In this tutorial, you will discover how to develop and use asynchronous iterators.
After completing this tutorial, you will know:
- The difference between regular iterators and asynchronous iterators.
- How to develop asynchronous iterators for use in asyncio.
- How to use asynchronous iterators with the async for expression in asyncio.
Let’s get started.
What Are Asynchronous Iterators
An asynchronous iterator is an object that implements the __aiter__() and __anext__() methods.
Before we take a close look at asynchronous iterators, let’s review classical iterators.
Iterators
An iterator is a Python object that implements a specific interface.
Specifically, the __iter__() method that returns an instance of the iterator, and the __next__() method that steps the iterator one cycle and returns a value.
iterator: An object representing a stream of data. Repeated calls to the iterator’s __next__() method (or passing it to the built-in function next()) return successive items in the stream. When no more data are available a StopIteration exception is raised instead.
— Python Glossary
An iterator can be stepped using the next() built-in function or traversed using a for loop.

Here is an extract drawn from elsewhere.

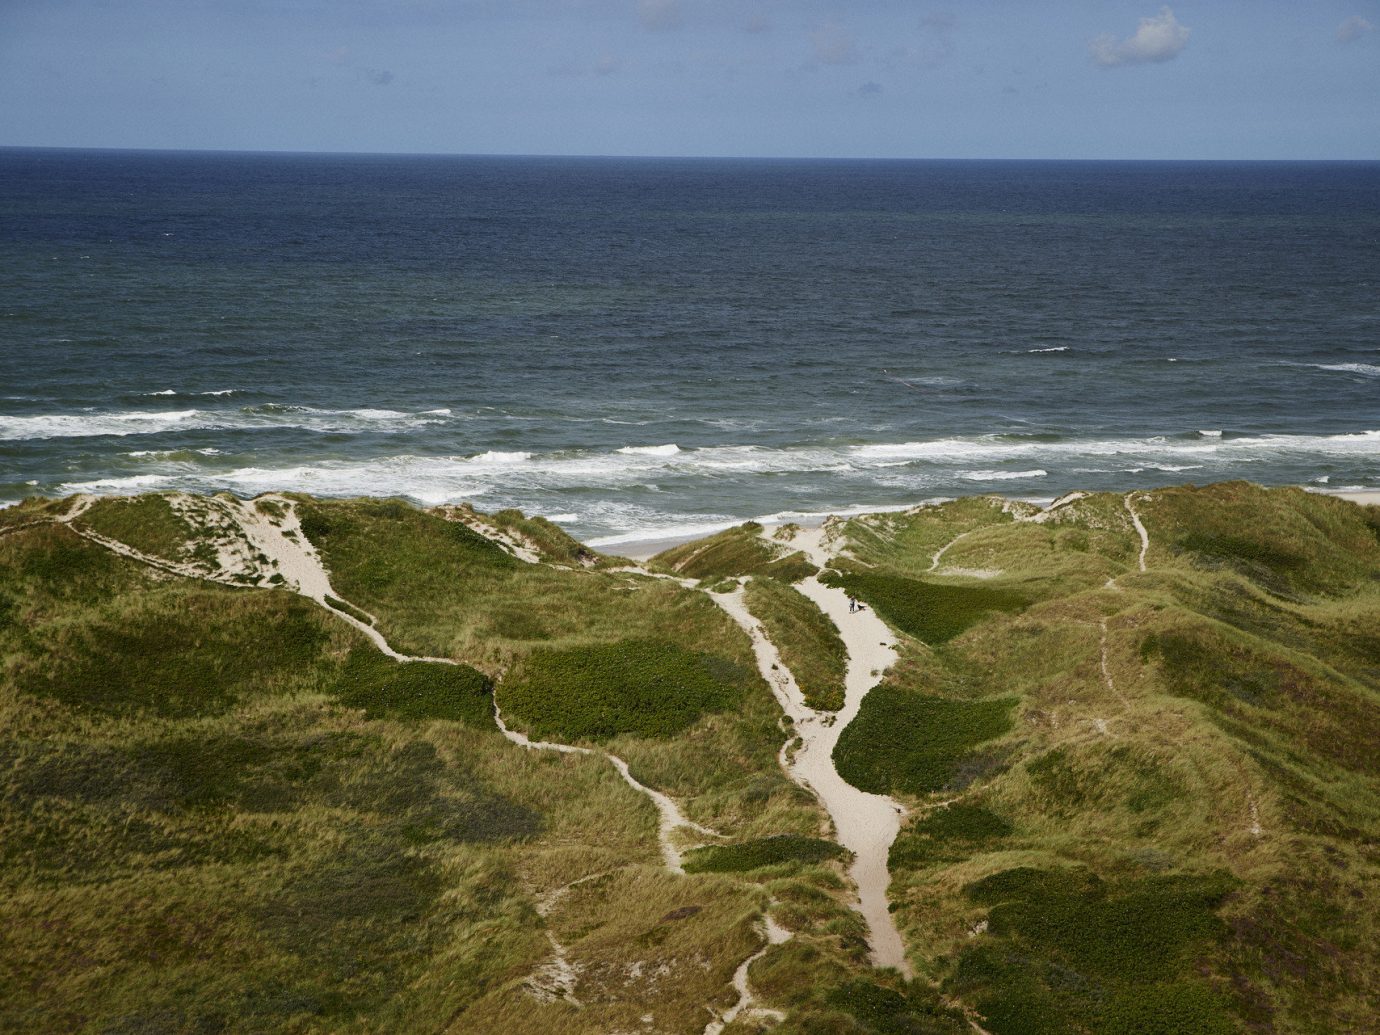 Beach dunes grass Ocean ocean view path sand Travel Tips outdoor water Coast shore Sea body of water Nature cliff horizon wind wave wave terrain cape rock bay wind cove aerial photography

Many Python objects are iterable, most notable are containers such as lists.
Next, let’s consider asynchronous iterators.
Asynchronous Iterators
An asynchronous iterator is a Python object that implements a specific interface.

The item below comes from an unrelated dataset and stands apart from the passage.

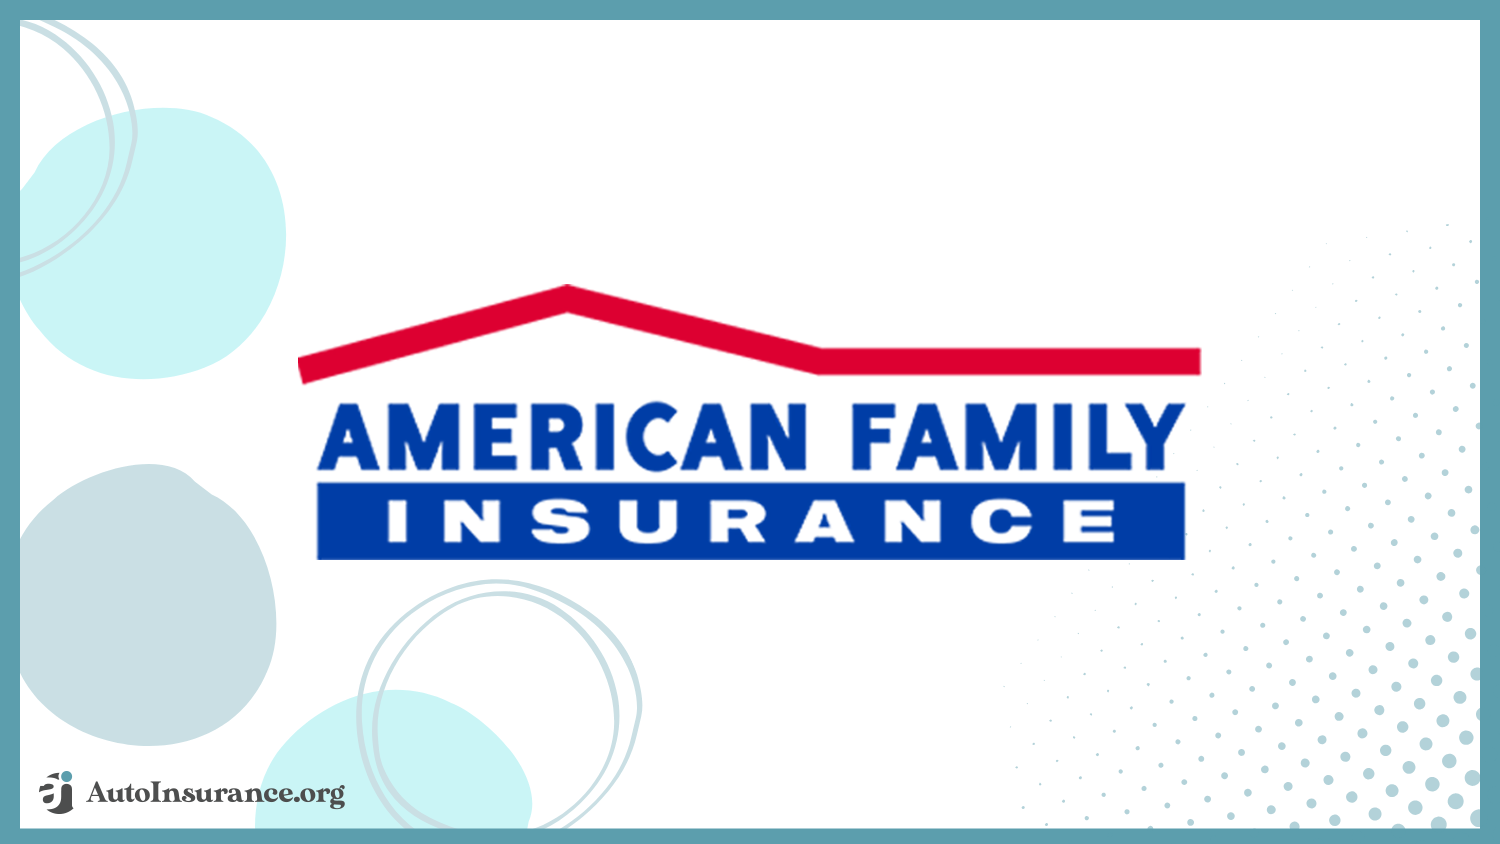 American Family: Best Auto Insurance for Drivers with Epilepsy

asynchronous iterator: An object that implements the __aiter__() and __anext__() methods.
— Python Glossary
An asynchronous iterator must implement the __aiter__() and __anext__() methods.

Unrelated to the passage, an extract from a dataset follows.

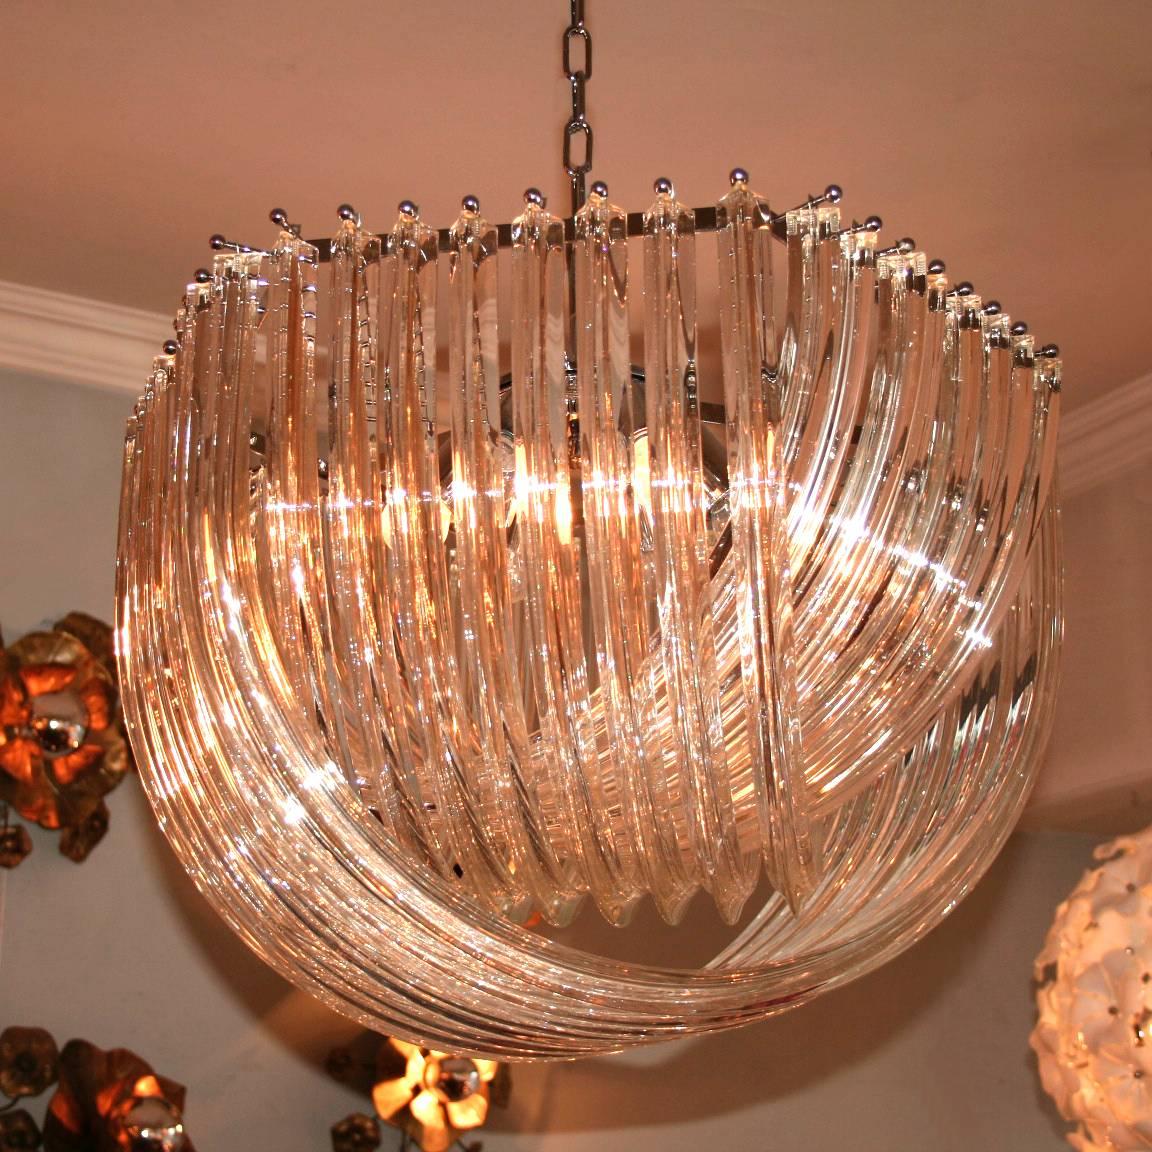 Italian Hommage to Deco: Contemporary 'Curve' Chandelier

- The __aiter__() method must return an instance of the iterator.
- The __anext__() method must return an awaitable that steps the iterator.
An asynchronous iterator may only be stepped or traversed in an asyncio program, such as within a coroutine.
Asynchronous iterators were introduced in PEP 492 – Coroutines with async and await syntax.
An asynchronous iterator can be stepped using the anext() built-in function that returns an awaitable that executes one step of the iterator, e.g. one call to the __anext__() method.
An asynchronous iterator can be traversed using the “async for” expression that will automatically call anext() each iteration and await the returned awaitable in order to retrieve the return value.
An asynchronous iterable is able to call asynchronous code in its iter implementation, and asynchronous iterator can call asynchronous code in its next method.
— PEP 492 – Coroutines with async and await syntax
Now that we know what an asynchronous iterator is, let’s compare it to a classical iterator.
Iterators vs Asynchronous Iterators
Both classical iterators and asynchronous iterators have a lot in common.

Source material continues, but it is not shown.